__Raw data__
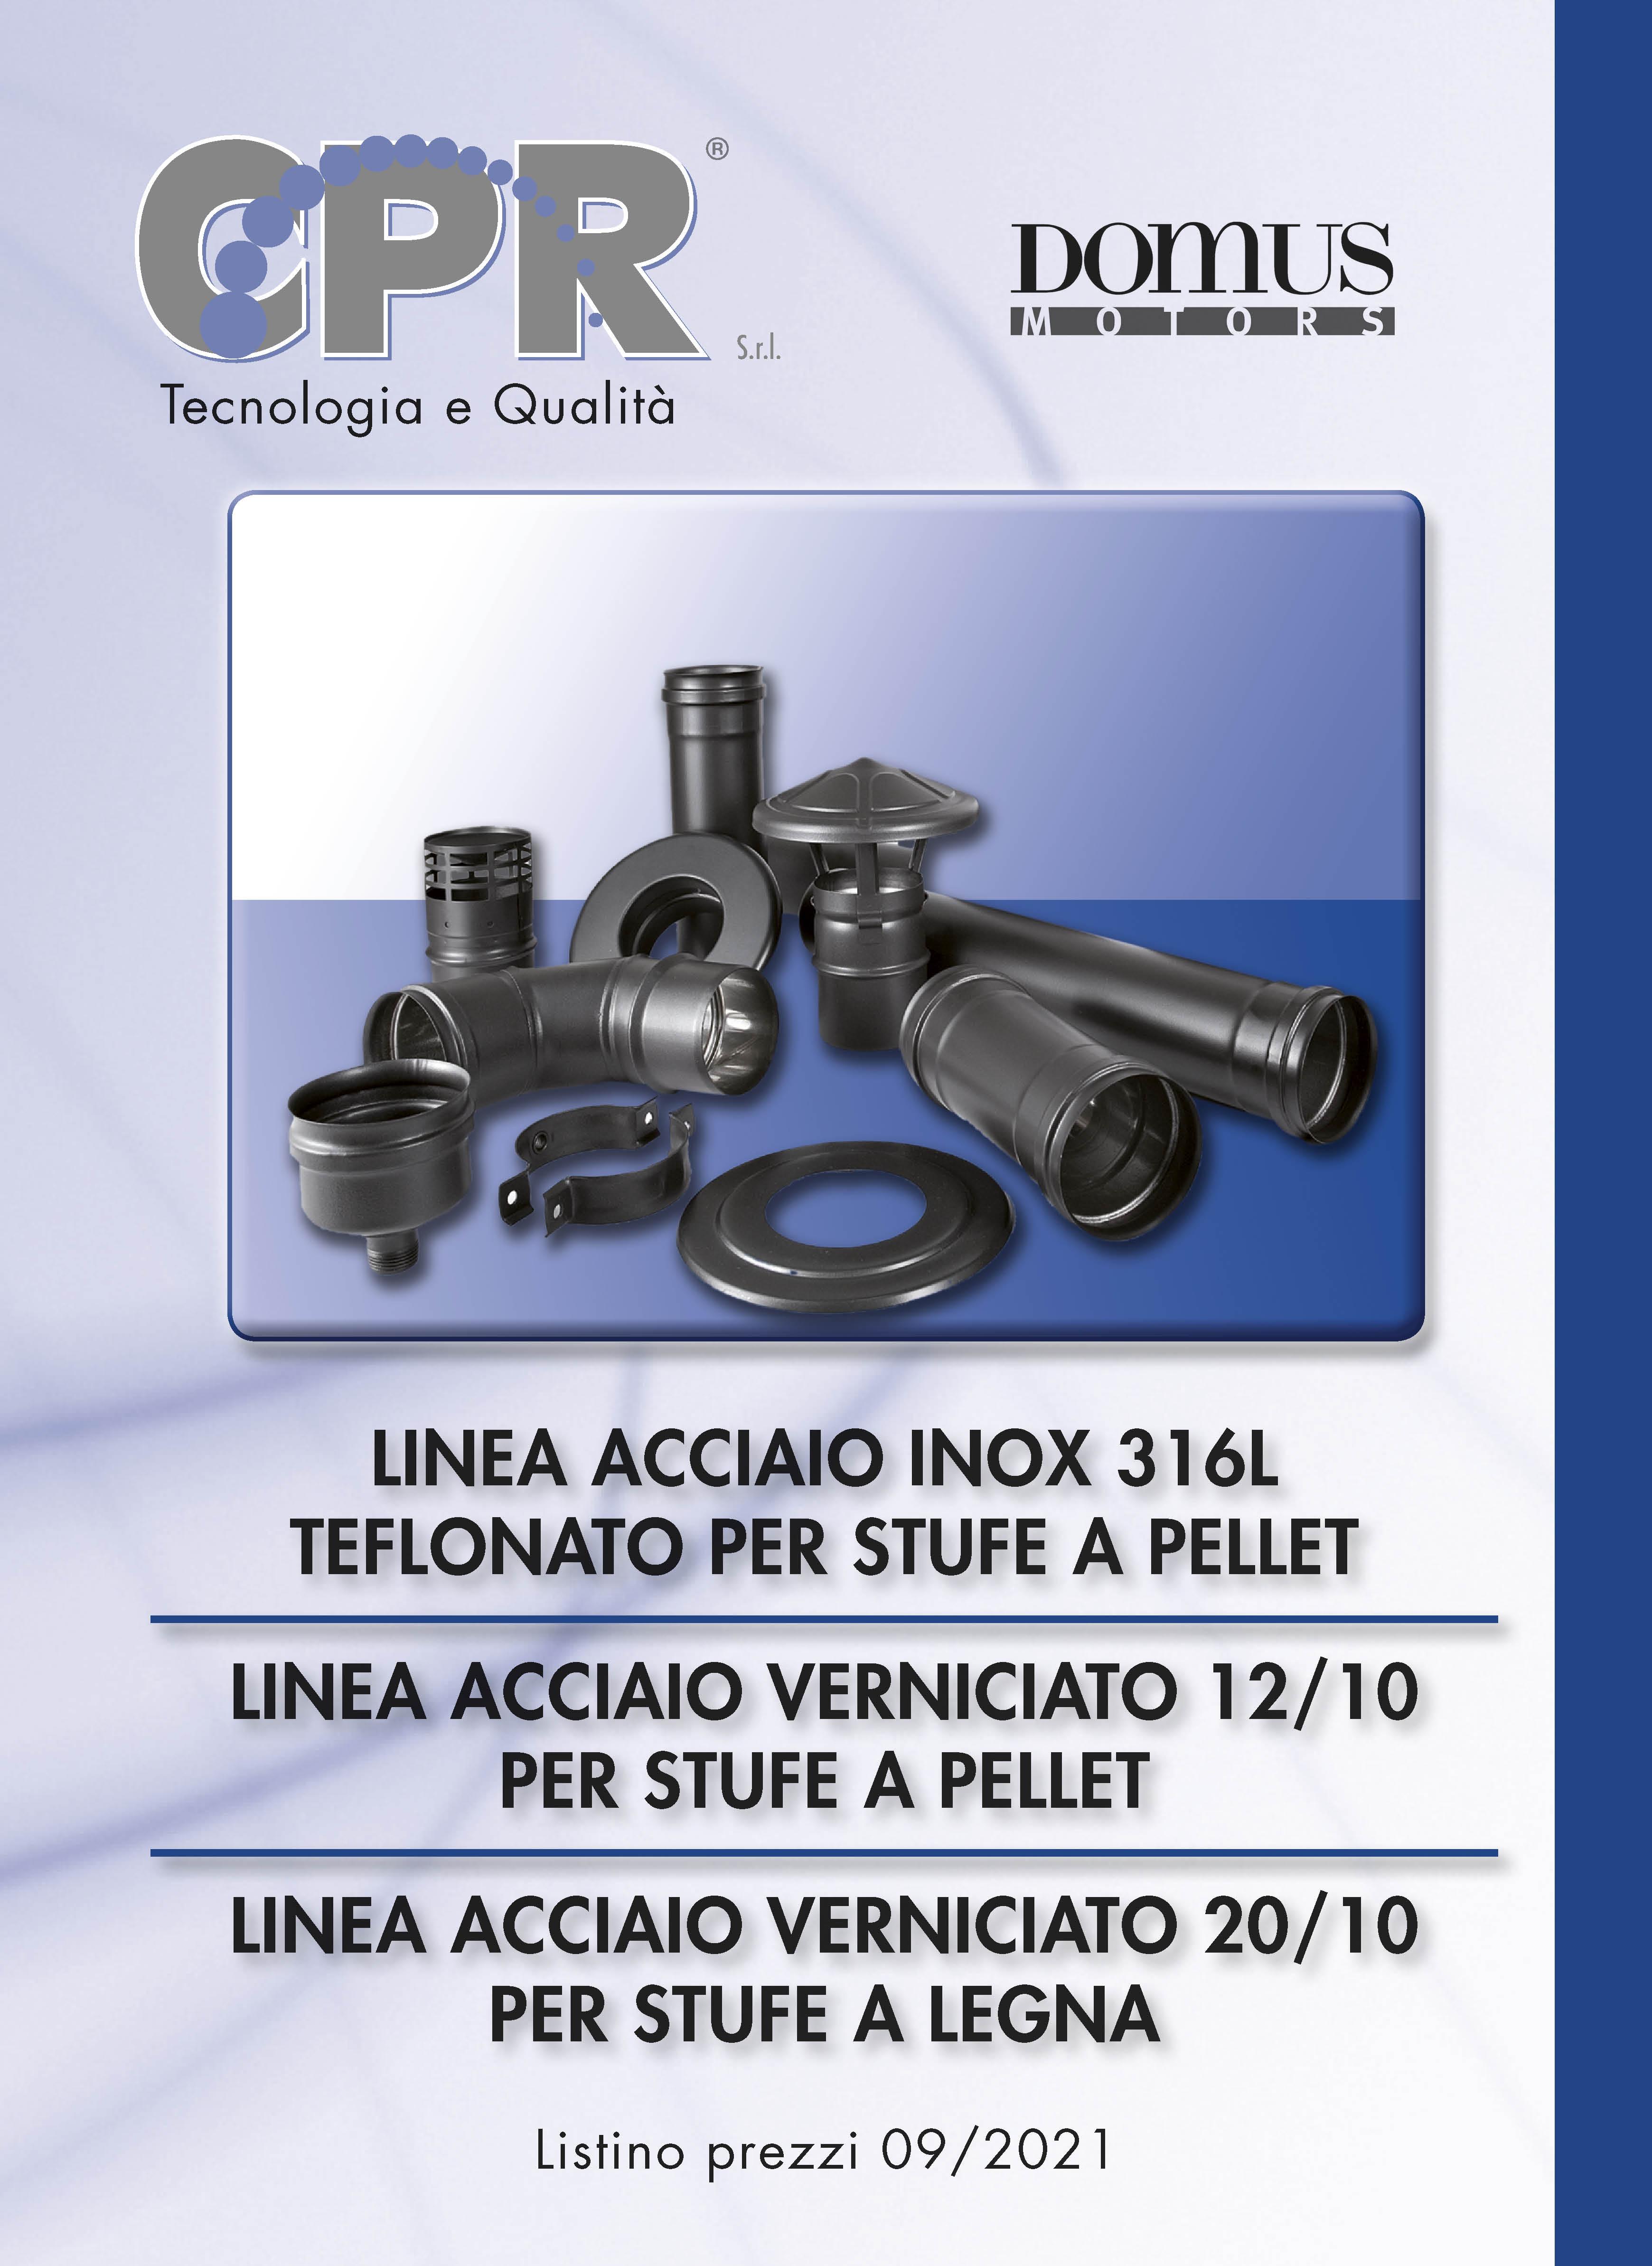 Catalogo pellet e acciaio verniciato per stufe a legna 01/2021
==
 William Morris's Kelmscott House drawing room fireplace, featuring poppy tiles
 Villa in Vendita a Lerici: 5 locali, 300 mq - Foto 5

__What you should do__
What you give back should be exactly the lines of the data above from the line with "William Morris's Kelmscott" through the line with "Villa in Vendita", both of those included, and nothing more.

__Task solution__
 William Morris's Kelmscott House drawing room fireplace, featuring poppy tiles
 Villa in Vendita a Lerici: 5 locali, 300 mq - Foto 5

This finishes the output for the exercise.